- _WHAT THE TASK ASKS_
The full listing must be reproduced exactly as given.

=== Begin Enclosure ===

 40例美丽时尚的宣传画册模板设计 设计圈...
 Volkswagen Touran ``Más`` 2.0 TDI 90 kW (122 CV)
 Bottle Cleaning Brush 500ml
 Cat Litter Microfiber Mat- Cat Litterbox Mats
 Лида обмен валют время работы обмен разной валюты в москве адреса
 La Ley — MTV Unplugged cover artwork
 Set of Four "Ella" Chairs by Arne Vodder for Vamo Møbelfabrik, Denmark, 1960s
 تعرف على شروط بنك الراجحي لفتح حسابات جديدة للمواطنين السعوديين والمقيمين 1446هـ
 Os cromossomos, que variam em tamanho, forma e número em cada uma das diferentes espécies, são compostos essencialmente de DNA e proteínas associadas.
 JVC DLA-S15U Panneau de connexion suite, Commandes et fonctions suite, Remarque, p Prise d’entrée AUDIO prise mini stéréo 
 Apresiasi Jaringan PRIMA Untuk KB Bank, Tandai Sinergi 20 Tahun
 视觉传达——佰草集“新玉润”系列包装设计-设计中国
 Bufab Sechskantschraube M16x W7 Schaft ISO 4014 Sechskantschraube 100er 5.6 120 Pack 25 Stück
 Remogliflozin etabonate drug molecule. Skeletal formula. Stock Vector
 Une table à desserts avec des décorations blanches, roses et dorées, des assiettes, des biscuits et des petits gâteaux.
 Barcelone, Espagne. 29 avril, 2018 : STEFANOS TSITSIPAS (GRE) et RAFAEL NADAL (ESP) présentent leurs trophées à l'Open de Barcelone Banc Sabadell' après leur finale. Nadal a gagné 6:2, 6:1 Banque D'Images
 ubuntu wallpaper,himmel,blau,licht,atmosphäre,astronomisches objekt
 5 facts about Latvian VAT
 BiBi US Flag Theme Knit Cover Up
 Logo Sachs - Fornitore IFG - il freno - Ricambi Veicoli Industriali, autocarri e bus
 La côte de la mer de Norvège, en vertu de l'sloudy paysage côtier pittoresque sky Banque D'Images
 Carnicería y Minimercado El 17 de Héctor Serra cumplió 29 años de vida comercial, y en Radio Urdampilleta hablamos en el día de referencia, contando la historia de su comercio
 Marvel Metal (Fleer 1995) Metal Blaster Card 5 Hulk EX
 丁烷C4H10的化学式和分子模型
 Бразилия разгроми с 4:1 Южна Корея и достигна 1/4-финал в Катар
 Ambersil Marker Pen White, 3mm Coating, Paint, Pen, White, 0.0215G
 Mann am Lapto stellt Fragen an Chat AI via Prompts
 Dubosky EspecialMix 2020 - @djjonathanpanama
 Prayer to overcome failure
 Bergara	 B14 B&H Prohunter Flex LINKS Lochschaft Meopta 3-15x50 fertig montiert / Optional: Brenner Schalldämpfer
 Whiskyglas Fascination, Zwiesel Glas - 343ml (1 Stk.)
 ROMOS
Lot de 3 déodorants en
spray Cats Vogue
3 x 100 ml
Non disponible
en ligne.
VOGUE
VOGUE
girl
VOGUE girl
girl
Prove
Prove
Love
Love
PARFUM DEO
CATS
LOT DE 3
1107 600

=== End Enclosure ===

- _REPLY TO THE TASK_
 40例美丽时尚的宣传画册模板设计 设计圈...
 Volkswagen Touran ``Más`` 2.0 TDI 90 kW (122 CV)
 Bottle Cleaning Brush 500ml
 Cat Litter Microfiber Mat- Cat Litterbox Mats
 Лида обмен валют время работы обмен разной валюты в москве адреса
 La Ley — MTV Unplugged cover artwork
 Set of Four "Ella" Chairs by Arne Vodder for Vamo Møbelfabrik, Denmark, 1960s
 تعرف على شروط بنك الراجحي لفتح حسابات جديدة للمواطنين السعوديين والمقيمين 1446هـ
 Os cromossomos, que variam em tamanho, forma e número em cada uma das diferentes espécies, são compostos essencialmente de DNA e proteínas associadas.
 JVC DLA-S15U Panneau de connexion suite, Commandes et fonctions suite, Remarque, p Prise d’entrée AUDIO prise mini stéréo 
 Apresiasi Jaringan PRIMA Untuk KB Bank, Tandai Sinergi 20 Tahun
 视觉传达——佰草集“新玉润”系列包装设计-设计中国
 Bufab Sechskantschraube M16x W7 Schaft ISO 4014 Sechskantschraube 100er 5.6 120 Pack 25 Stück
 Remogliflozin etabonate drug molecule. Skeletal formula. Stock Vector
 Une table à desserts avec des décorations blanches, roses et dorées, des assiettes, des biscuits et des petits gâteaux.
 Barcelone, Espagne. 29 avril, 2018 : STEFANOS TSITSIPAS (GRE) et RAFAEL NADAL (ESP) présentent leurs trophées à l'Open de Barcelone Banc Sabadell' après leur finale. Nadal a gagné 6:2, 6:1 Banque D'Images
 ubuntu wallpaper,himmel,blau,licht,atmosphäre,astronomisches objekt
 5 facts about Latvian VAT
 BiBi US Flag Theme Knit Cover Up
 Logo Sachs - Fornitore IFG - il freno - Ricambi Veicoli Industriali, autocarri e bus
 La côte de la mer de Norvège, en vertu de l'sloudy paysage côtier pittoresque sky Banque D'Images
 Carnicería y Minimercado El 17 de Héctor Serra cumplió 29 años de vida comercial, y en Radio Urdampilleta hablamos en el día de referencia, contando la historia de su comercio
 Marvel Metal (Fleer 1995) Metal Blaster Card 5 Hulk EX
 丁烷C4H10的化学式和分子模型
 Бразилия разгроми с 4:1 Южна Корея и достигна 1/4-финал в Катар
 Ambersil Marker Pen White, 3mm Coating, Paint, Pen, White, 0.0215G
 Mann am Lapto stellt Fragen an Chat AI via Prompts
 Dubosky EspecialMix 2020 - @djjonathanpanama
 Prayer to overcome failure
 Bergara	 B14 B&H Prohunter Flex LINKS Lochschaft Meopta 3-15x50 fertig montiert / Optional: Brenner Schalldämpfer
 Whiskyglas Fascination, Zwiesel Glas - 343ml (1 Stk.)
 ROMOS
Lot de 3 déodorants en
spray Cats Vogue
3 x 100 ml
Non disponible
en ligne.
VOGUE
VOGUE
girl
VOGUE girl
girl
Prove
Prove
Love
Love
PARFUM DEO
CATS
LOT DE 3
1107 600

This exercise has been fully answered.